* **Required work**
Exact copy, no pictures: output each line below as it stands.

* **Data section**
_ _ _ _

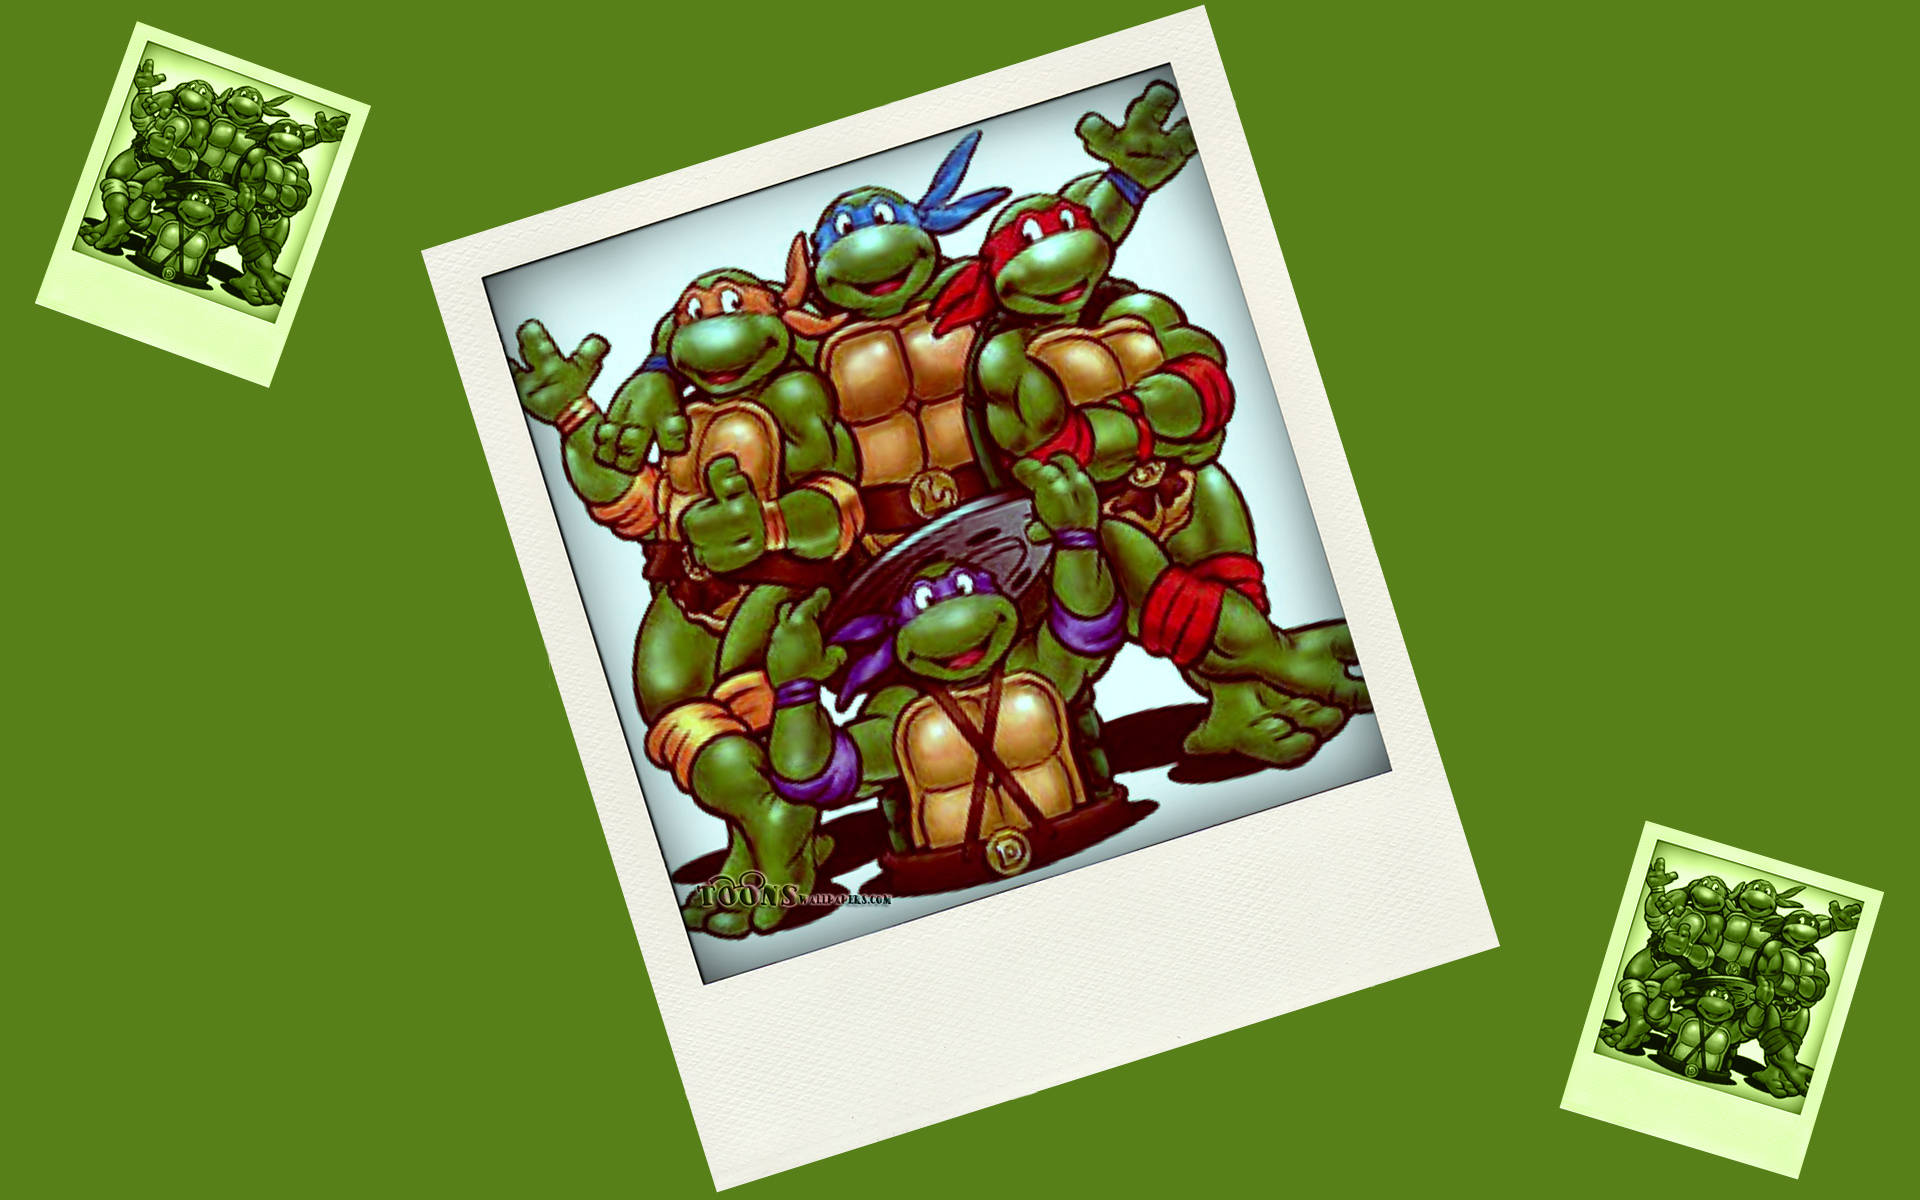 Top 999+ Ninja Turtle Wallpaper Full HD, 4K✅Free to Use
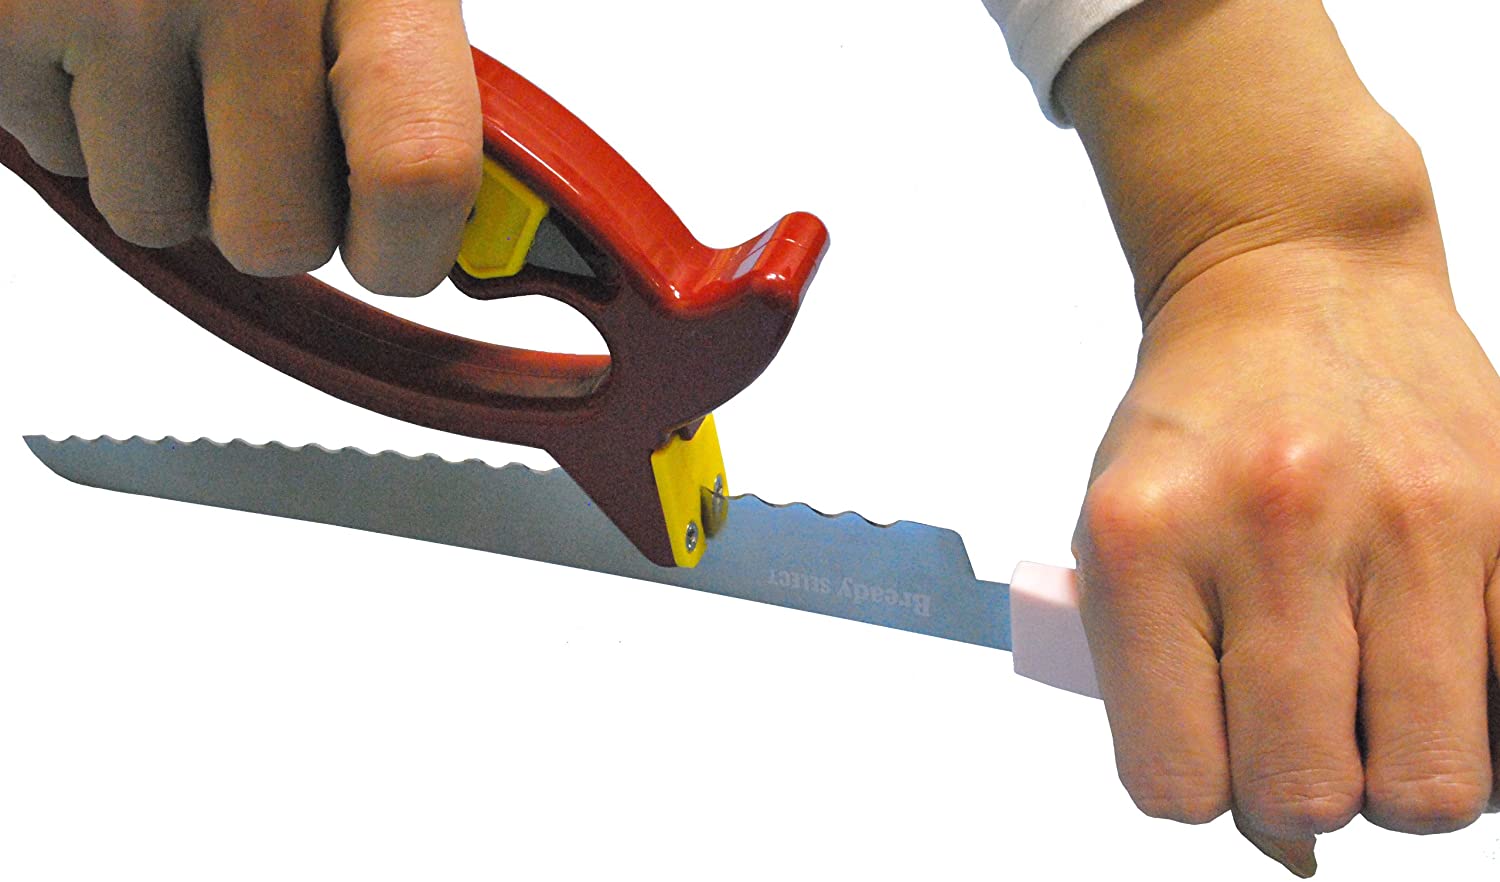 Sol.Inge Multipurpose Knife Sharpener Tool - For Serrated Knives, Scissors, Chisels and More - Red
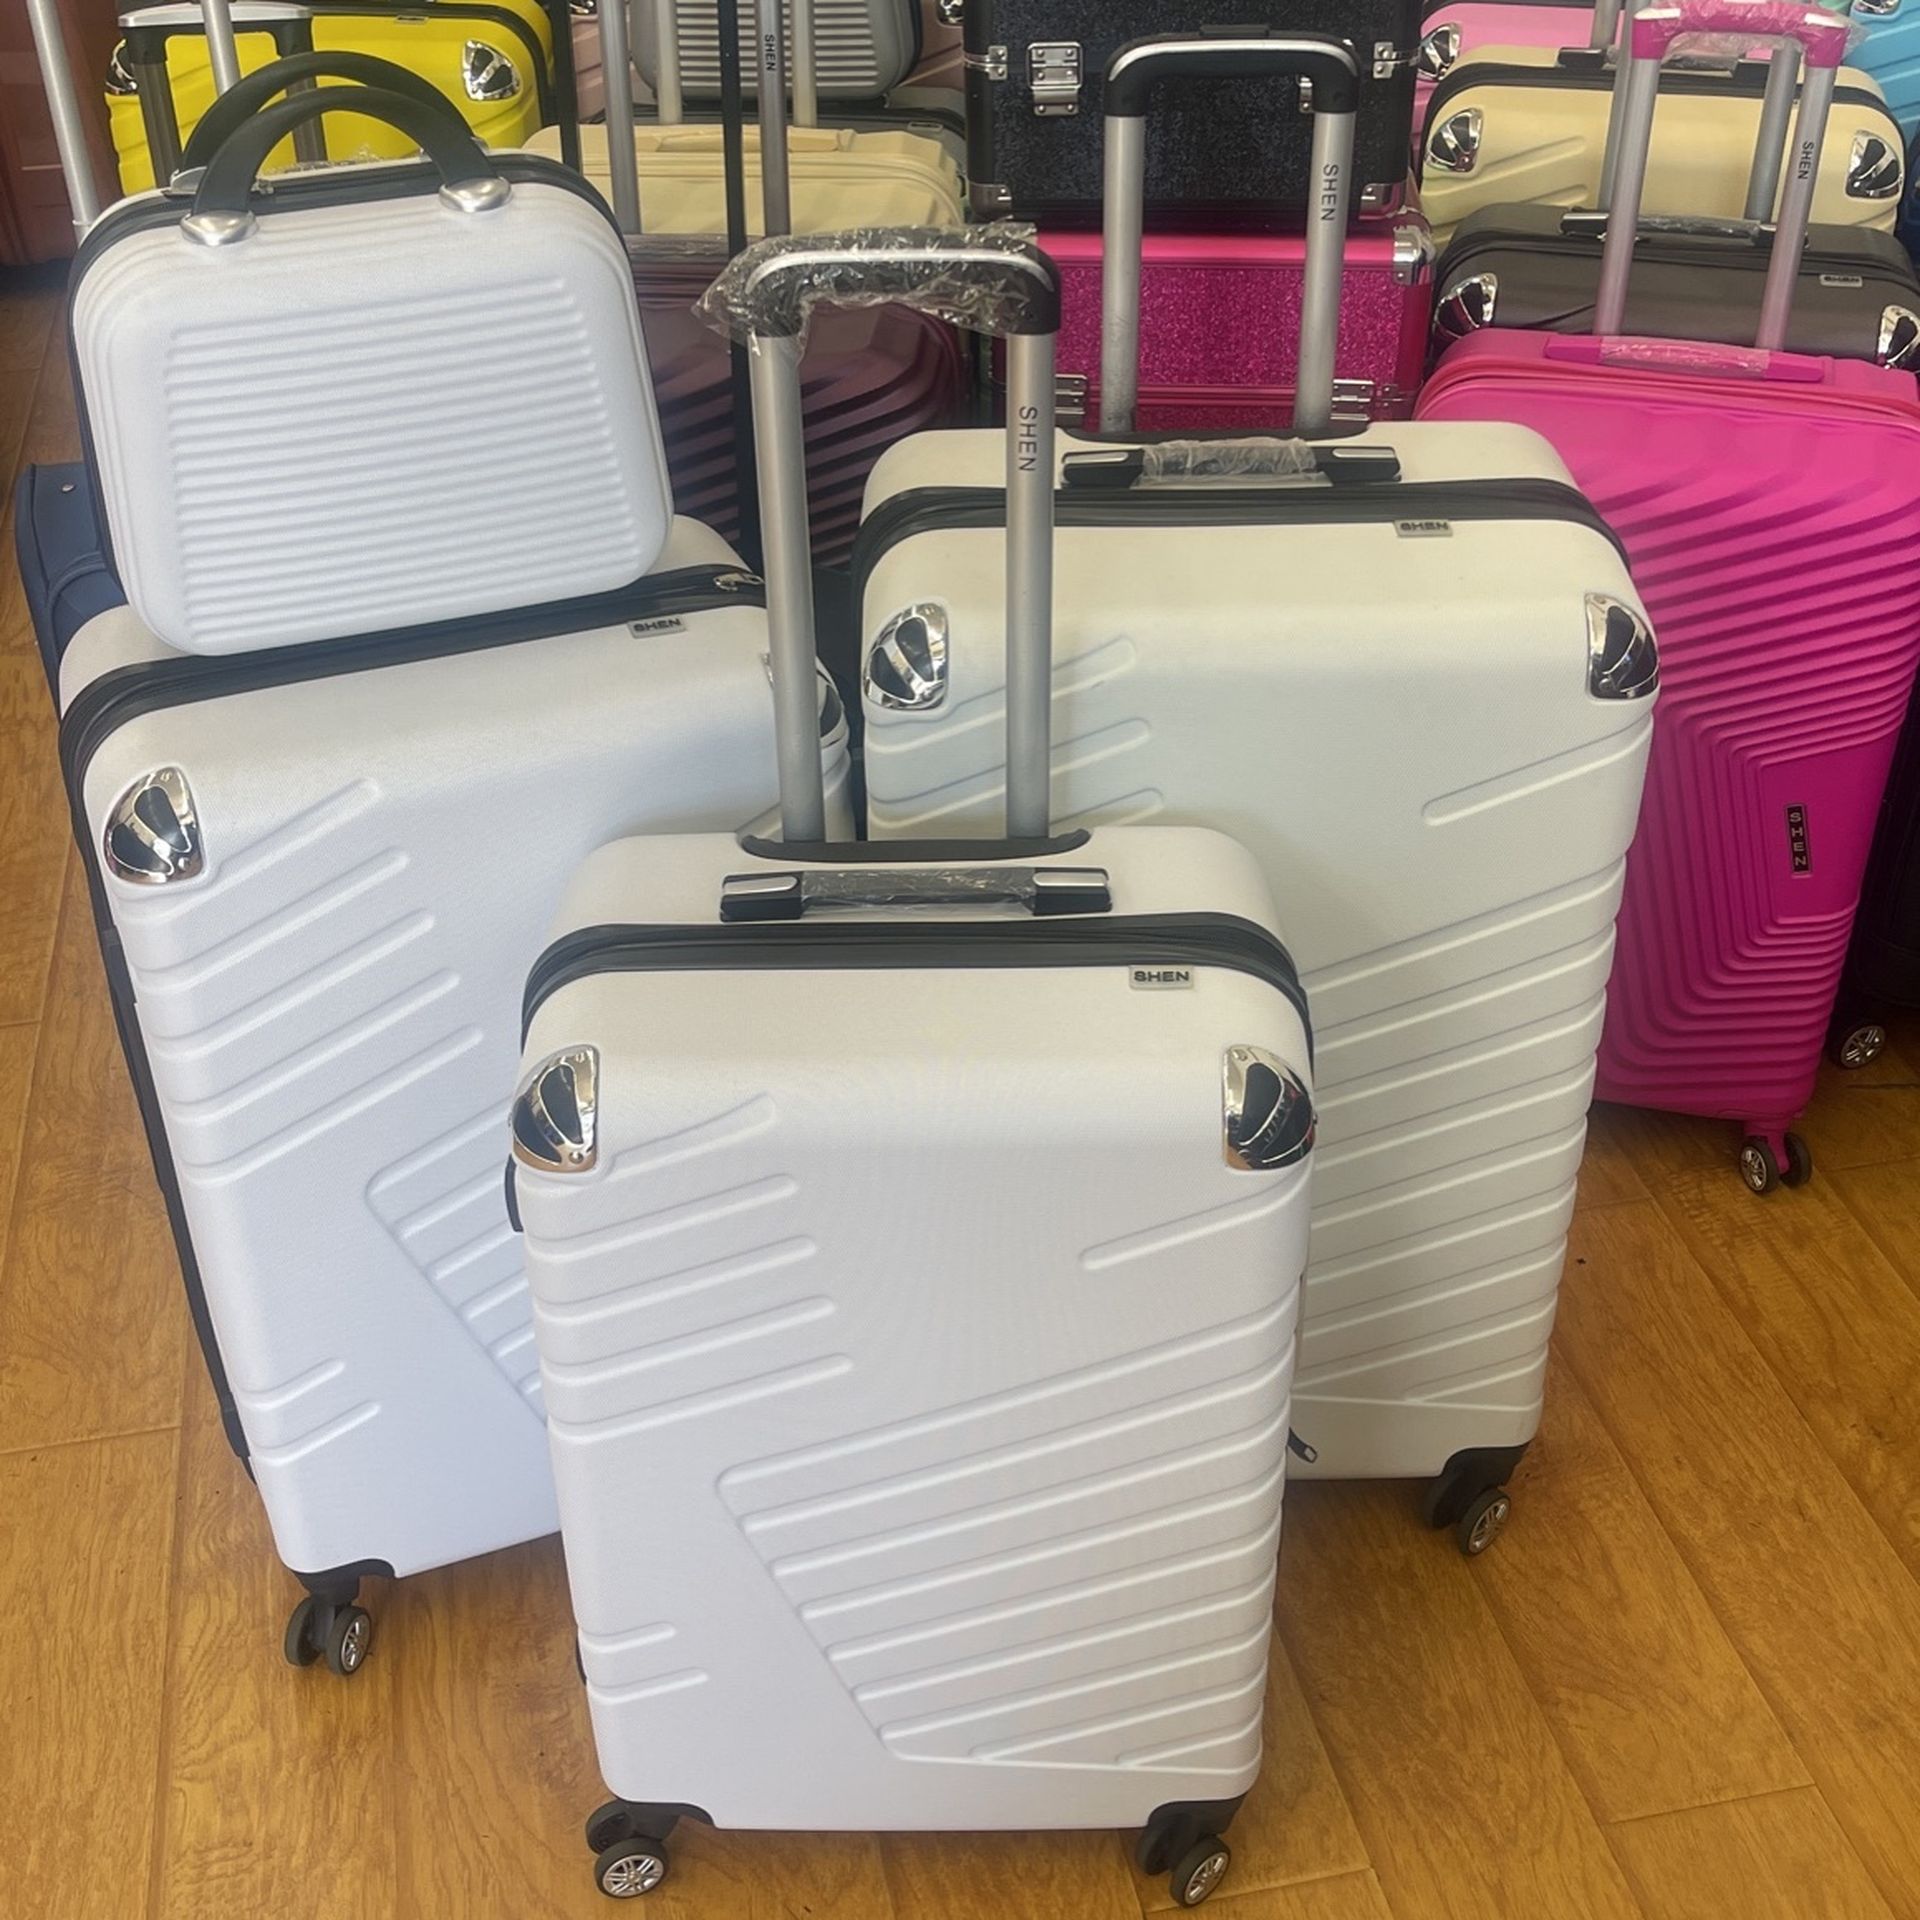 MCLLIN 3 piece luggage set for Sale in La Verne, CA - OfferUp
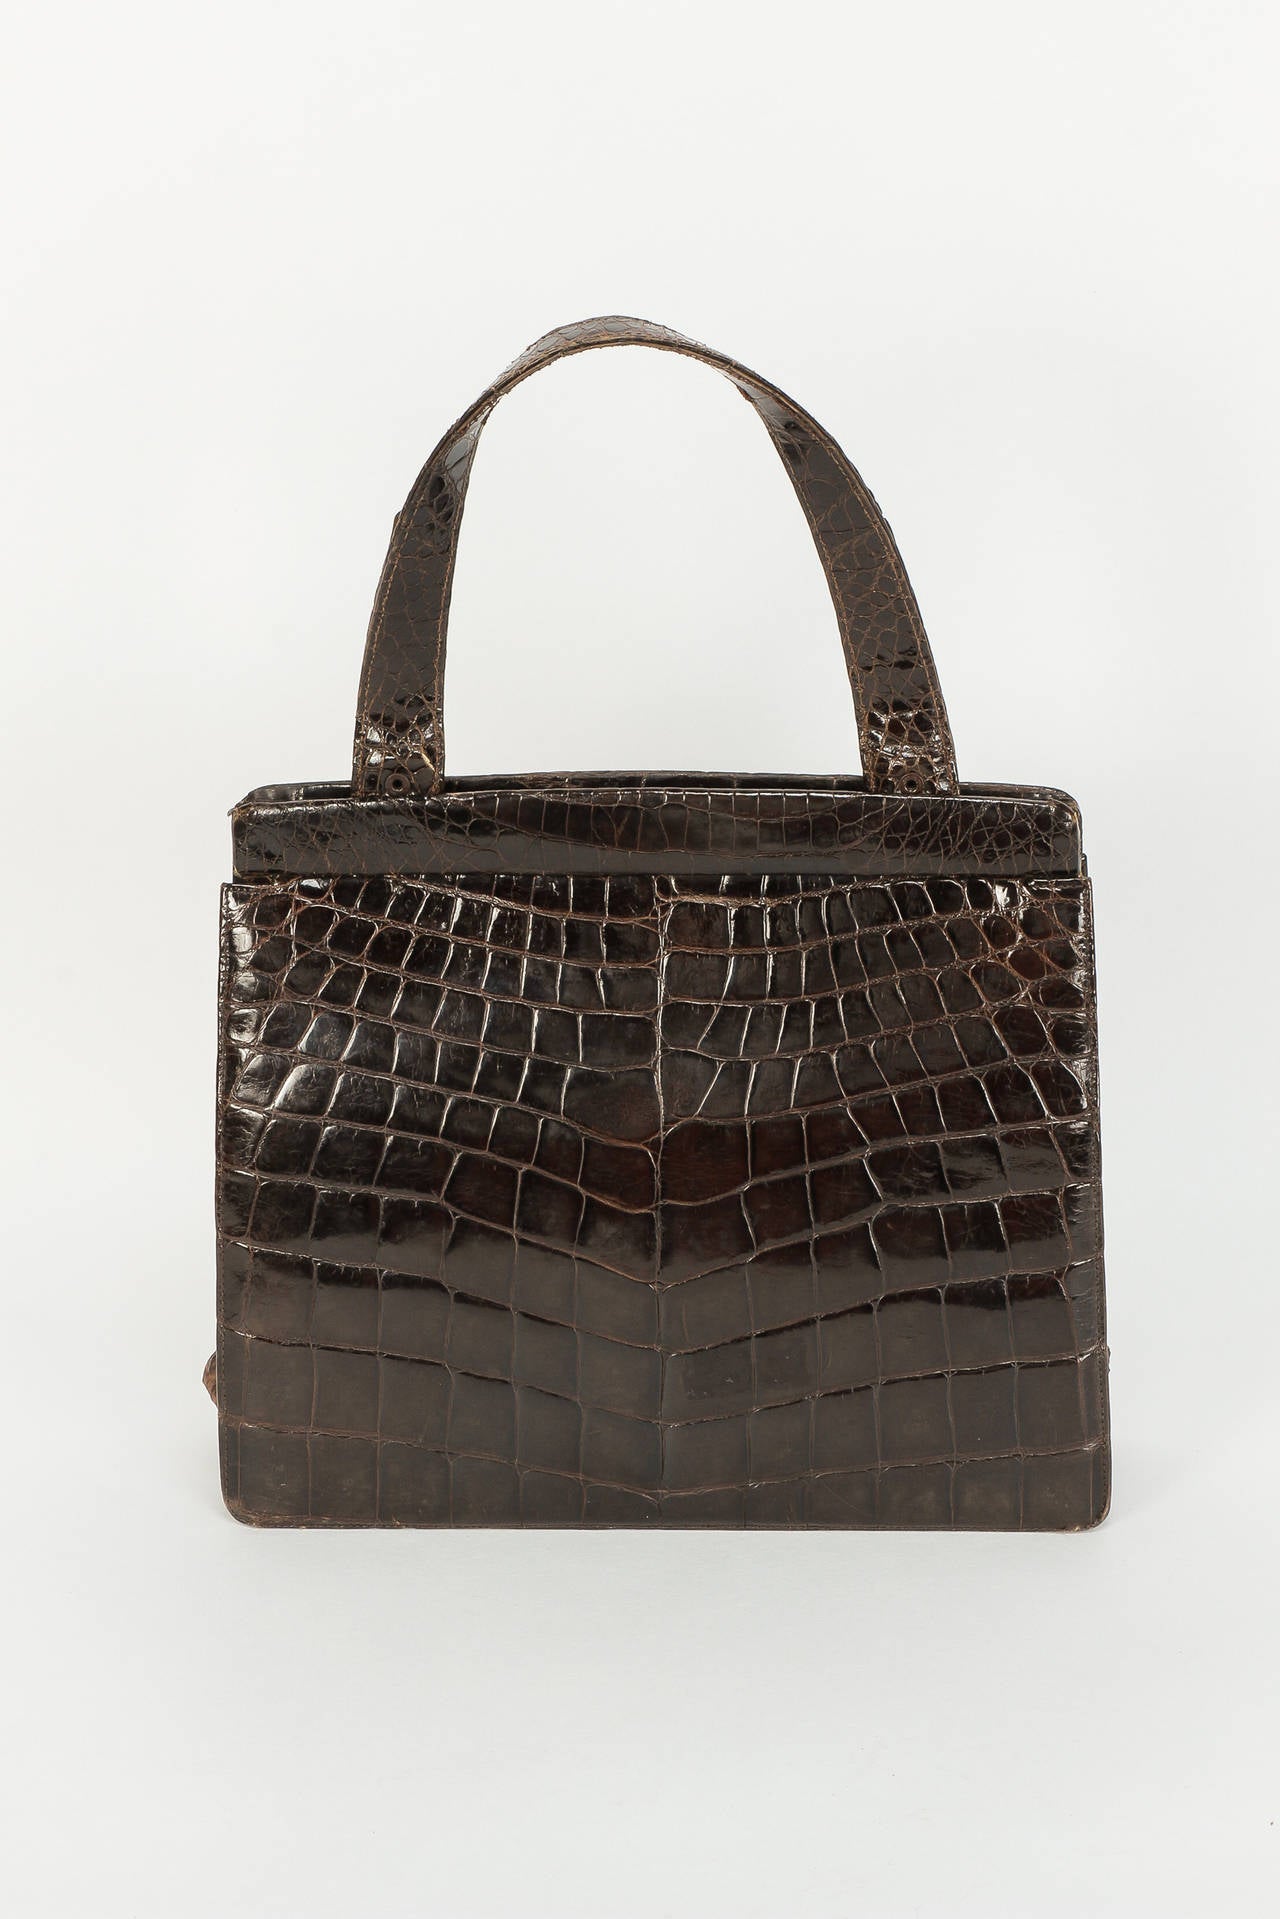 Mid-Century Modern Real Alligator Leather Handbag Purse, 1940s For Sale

_ _ _ _

* **Solution for this problem**
 Top 999+ Ninja Turtle Wallpaper Full HD, 4K✅Free to Use
 Sol.Inge Multipurpose Knife Sharpener Tool - For Serrated Knives, Scissors, Chisels and More - Red
 MCLLIN 3 piece luggage set for Sale in La Verne, CA - OfferUp
 Mid-Century Modern Real Alligator Leather Handbag Purse, 1940s For Sale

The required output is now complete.